Late last week, it was announced that there was a settlement between the NCAA and many of its biggest athletic conferences filed a 100-page agreement settling three antitrust suits which lead to a new era of college sports beginning with the fall of 2025.
Get used to revenue sharing — especially amongst football and men’s basketball players — as well as the rise of scholarship limits.
Many teams in the Division I field hockey and women’s lacrosse universe have been working on and budgeting for a scholarship limit of 12 for an entire team. That has led to stories of players having been offered scholarship money to start out their careers, but seeing their scholarship money reduced over the course of a career, presumably using the savings for multiple reductions to recruit younger players.
This has been exacerbated with the rise of the transfer portal, which has led to wholesale roster changes and reports of hundreds of players sitting in the transfer portal waiting for a call which often doesn’t come.
But starting in 2025, field hockey will be allowed to have as many as 27 full scholarships per team, and women’s lacrosse will be allowed to have as many as 38 scholarships.
For schools choosing to offer scholarships, this is an enormous development.
Of course, there are some caveats to offer to the headlines here. Not all Division I schools will be offering scholarships at this level; any individual school can opt out of the new revenue model if they decline to share revenue. Too, within each team, schools are not required to use all of their scholarships.
Given the spending you’ve been seeing in sports other than football and men’s basketball the last quarter-century or so, it is going to be an interesting era. Just about every NCAA Division I field hockey team plays on a water-based turf surface, each built at a cost of more than a million dollars or more. Many soccer and lacrosse teams play in specially-built intimate stadia with amenities and training facilities akin to professional sports teams.
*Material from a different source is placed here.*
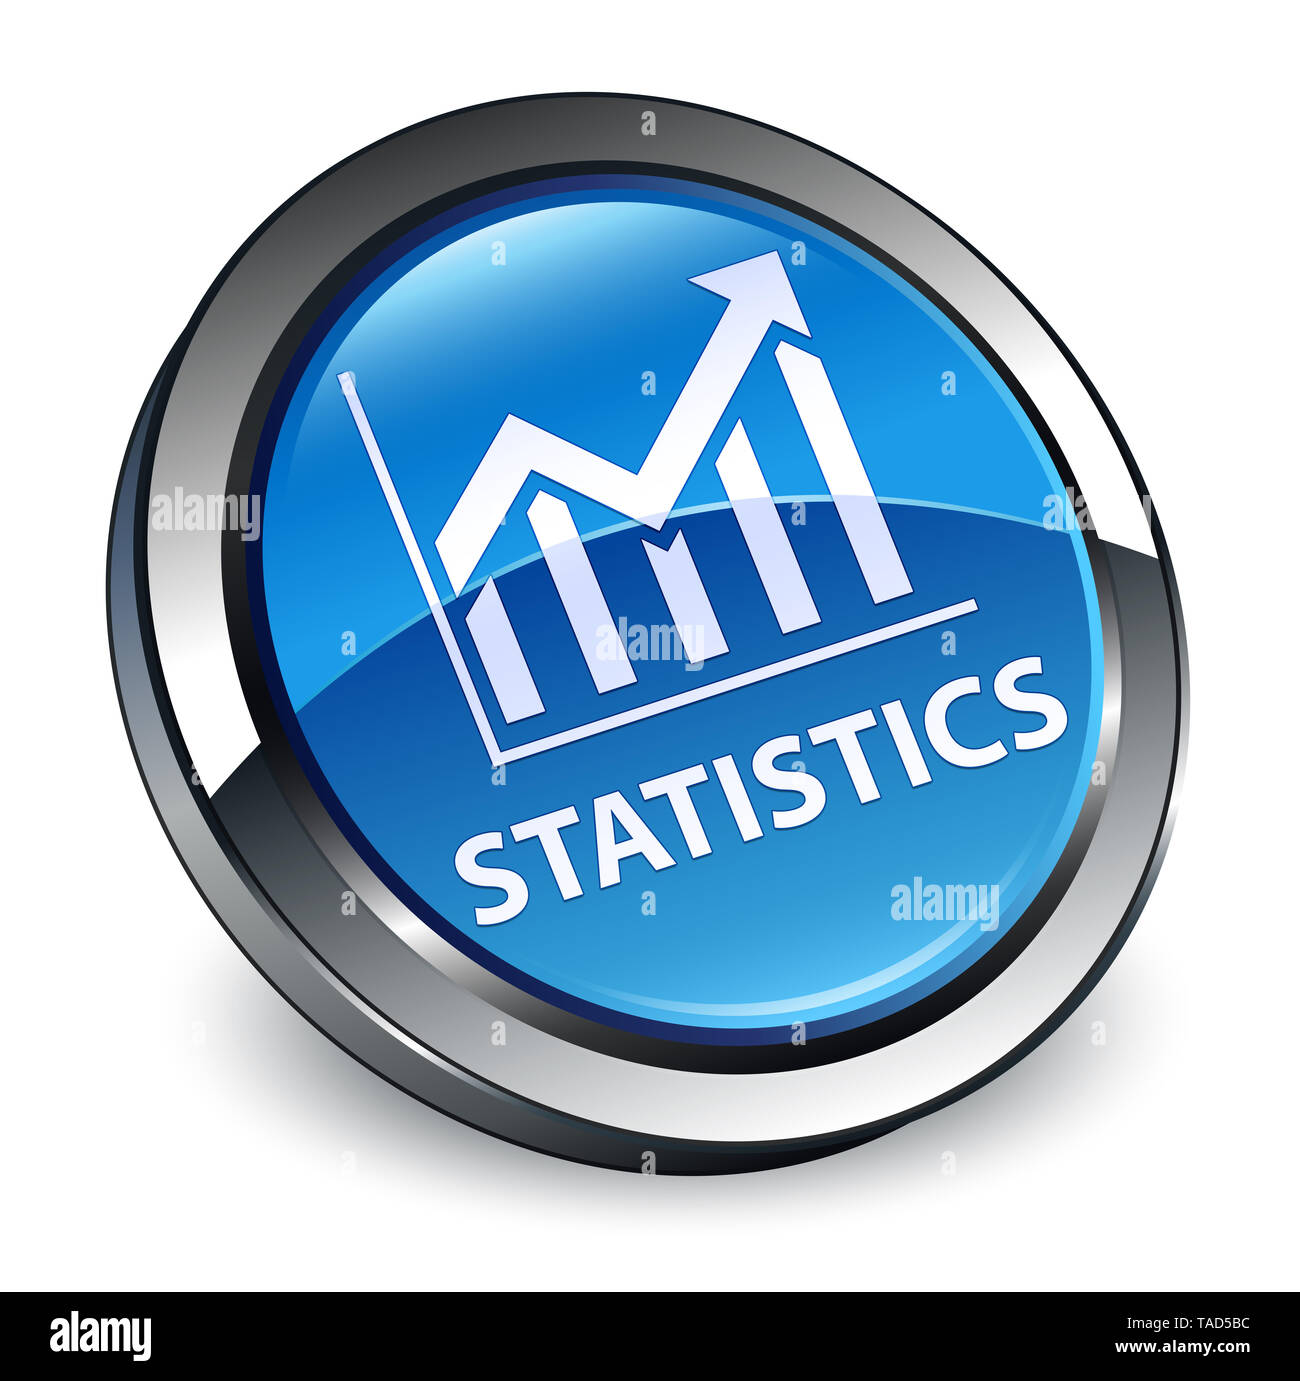 Statistiche isolati su 3d blu pulsante rotondo illustrazione astratta Foto Stock

If there’s one thing I’m interesting in seeing, is the degree to which schools not in Power Five conferences will be allowed to offer more scholarship money to compete. Will we see Division III schools offering scholarships for the first time? Will we see full scholarships in Division II? Will we see the Patriot League and Northeast Conference go to full scholarships?
And, perhaps, will we see the Ivy League — eight very rich and prestigious schools — start offering scholarships for athletes in order to compete with schools in and around them?
The Ivies are a definite wild card — and a bellweather for what other schools will do. I think, the first time a mid-level school on a full-scholarship level wins a national title for the first time (say, New Hampshire in ice hockey or Western Kentucky in women’s basketball), everyone else in the college sports world will react.